Audit Committee Li Bin, Jia Na, Cui Xi

1. Mr. Li Bin, born in 1981, Chinese nationality, without overseas permanent residency, has a bachelor’s degree, certified public accountant and senior accountant. From July 2002 to January 2006, he served as the accountant in charge of Zhengzhou Huanyu Real Estate Co., Ltd; From January 2006 to December 2012, successively served as auditor, project manager and senior project manager of Henan Branch of Tianjian Zhengxin certified public accountants Co., Ltd; From January 2013 to June 2013, served as senior project manager of Henan Branch of Dahua Certified Public Accountants (special general partnership); From July 2013 to now, he has served as deputy director of Henan Branch of Dahua Certified Public Accountants (special general partnership); From June 2018 to now, he has served as Jinguan Electric Co.Ltd(688517) independent director.

2. Ms. Jia Na, born in 1980, Chinese nationality, without overseas permanent residency, bachelor degree, EMBA of China Europe International Business School, senior economist.

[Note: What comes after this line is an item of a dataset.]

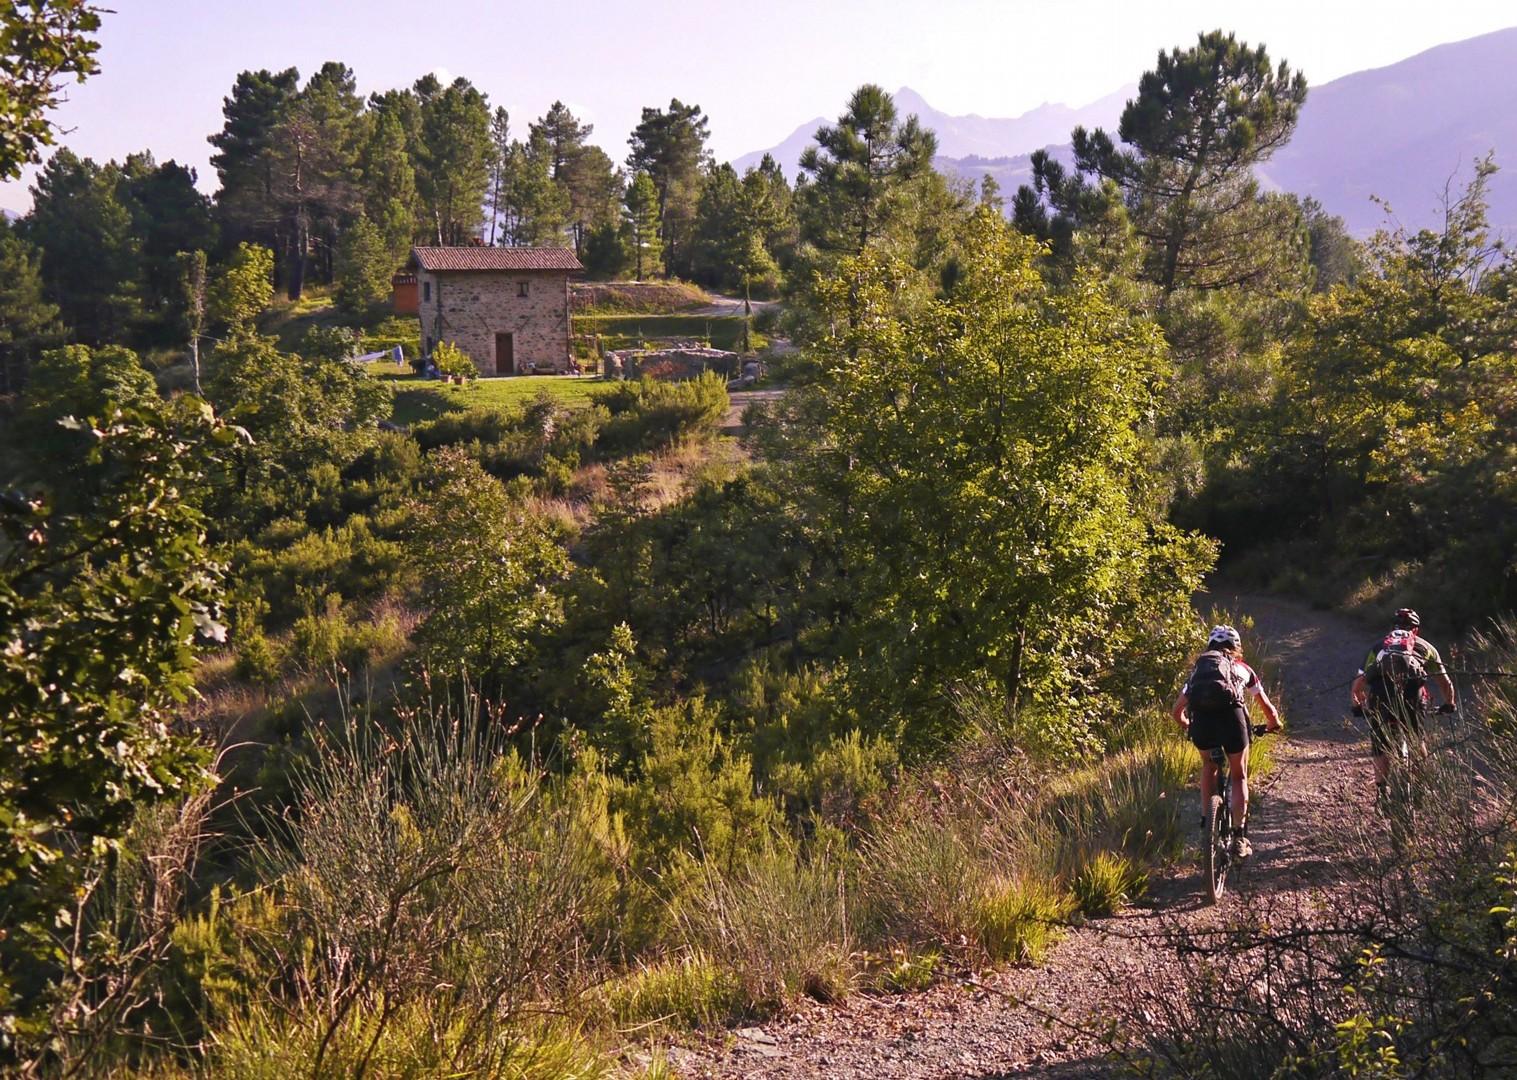 _Holiday.863.16220.jpg - Italy - Via Francigena (Tuscany to Rome) - Guided Mountain Biking Holiday - Italia Mountain Biking

From January 2003 to March 2005, he served as the accountant of Henan JinGuanWangMa Information Industry Co., Ltd; From April 2005 to February 2010, served as an employee of the Finance Department of Nanyang Jinguan Electric Co.Ltd(688517) Co., Ltd; From March 2010 to February 2013, served as the financial manager of Nanyang Jinguan Electric Co.Ltd(688517) Co., Ltd; From March 2013 to April 2014, served as deputy general manager and chief financial officer of Nanyang Jinguan Electric Co.Ltd(688517) Co., Ltd; From April 2014 to June 2018, he served as director, deputy general manager and chief financial officer of Nanyang Jinguan Electric Co.Ltd(688517) Co., Ltd; From June 2018 to June 2019, served as Jinguan Electric Co.Ltd(688517) director, deputy general manager and chief financial officer; From June 2019 to now, he has served as Jinguan Electric Co.Ltd(688517) director and deputy general manager; Served as the executive partner of Shenzhen Zhongrui Boyuan Investment Center (limited partnership) since April 2020; Secretary of Jinguan Electric Co.Ltd(688517) board of directors since July 2021; From December 2021 to now, concurrently served as Jinguan Electric Co.Ltd(688517) chief financial officer.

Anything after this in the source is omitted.